From External to Swap Regret 2.0: An Efficient Reduction and Oblivious Adversary for Large Action Spaces
Yuval Dagan, Constantinos Daskalakis, Maxwell Fishelson, Noah Golowich
TL;DR
The paper introduces a novel reduction from swap regret to external regret that does not require a finite action space, enabling no-swap-regret guarantees for broad hypothesis classes. The core construction, TreeSwap, uses a depth-$d$, $M$-ary tree of external-regret learners to bound swap regret by at most $\epsilon + 1/d$ after $T=M^d$ rounds, with per-round cost matching the external-regret oracle. This framework yields near-optimal upper and lower bounds for swap regret in the experts setting and extends to infinite and bandit settings, with tight lower bounds against oblivious and adaptive adversaries. The reduction has broad implications for equilibrium computation, providing efficient query/communication protocols for approximate CE/CCE in normal-form and extensive-form games, and it also yields near-tight bandit swap-regret algorithms. The work also clarifies the role of finite Littlestone dimension and related complexity notions in guaranteeing no-swap-regret learning and the existence of approximate correlated equilibria in broader settings.
Abstract
We provide a novel reduction from swap-regret minimization to external-regret minimization, which improves upon the classical reductions of Blum-Mansour [BM07] and Stolz-Lugosi [SL05] in that it does not require finiteness of the space of actions. We show that, whenever there exists a no-external-regret algorithm for some hypothesis class, there must also exist a no-swap-regret algorithm for that same class.

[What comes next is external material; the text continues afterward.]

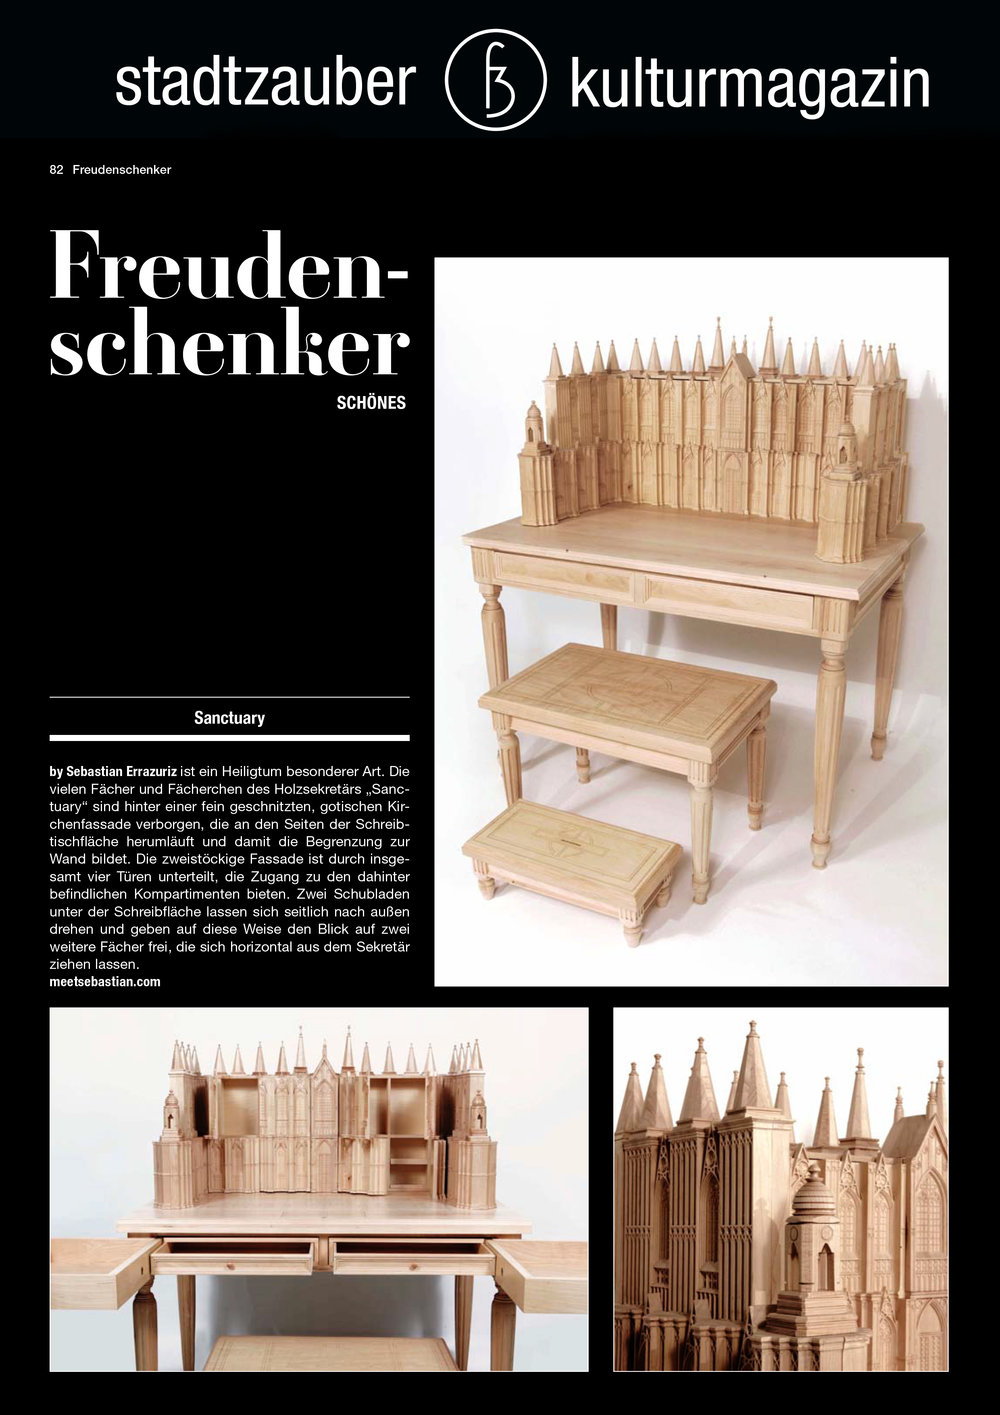 stadtzauber_kulturmagazin_2016.jpg

For the problem of learning with expert advice, our result implies that it is possible to guarantee that the swap regret is bounded by ε after $\log(N)^{O(1/ε)}$ rounds and with $O(N)$ per iteration complexity, where $N$ is the number of experts, while the classical reductions of Blum-Mansour and Stolz-Lugosi require $O(N/ε^2)$ rounds and at least $Ω(N^2)$ per iteration complexity. Our result comes with an associated lower bound, which -- in contrast to that in [BM07] -- holds for oblivious and $\ell_1$-constrained adversaries and learners that can employ distributions over experts, showing that the number of rounds must be $\tildeΩ(N/ε^2)$ or exponential in $1/ε$. Our reduction implies that, if no-regret learning is possible in some game, then this game must have approximate correlated equilibria, of arbitrarily good approximation. This strengthens the folklore implication of no-regret learning that approximate coarse correlated equilibria exist. Importantly, it provides a sufficient condition for the existence of correlated equilibrium which vastly extends the requirement that the action set is finite, thus answering a question left open by [DG22; Ass+23]. Moreover, it answers several outstanding questions about equilibrium computation and learning in games.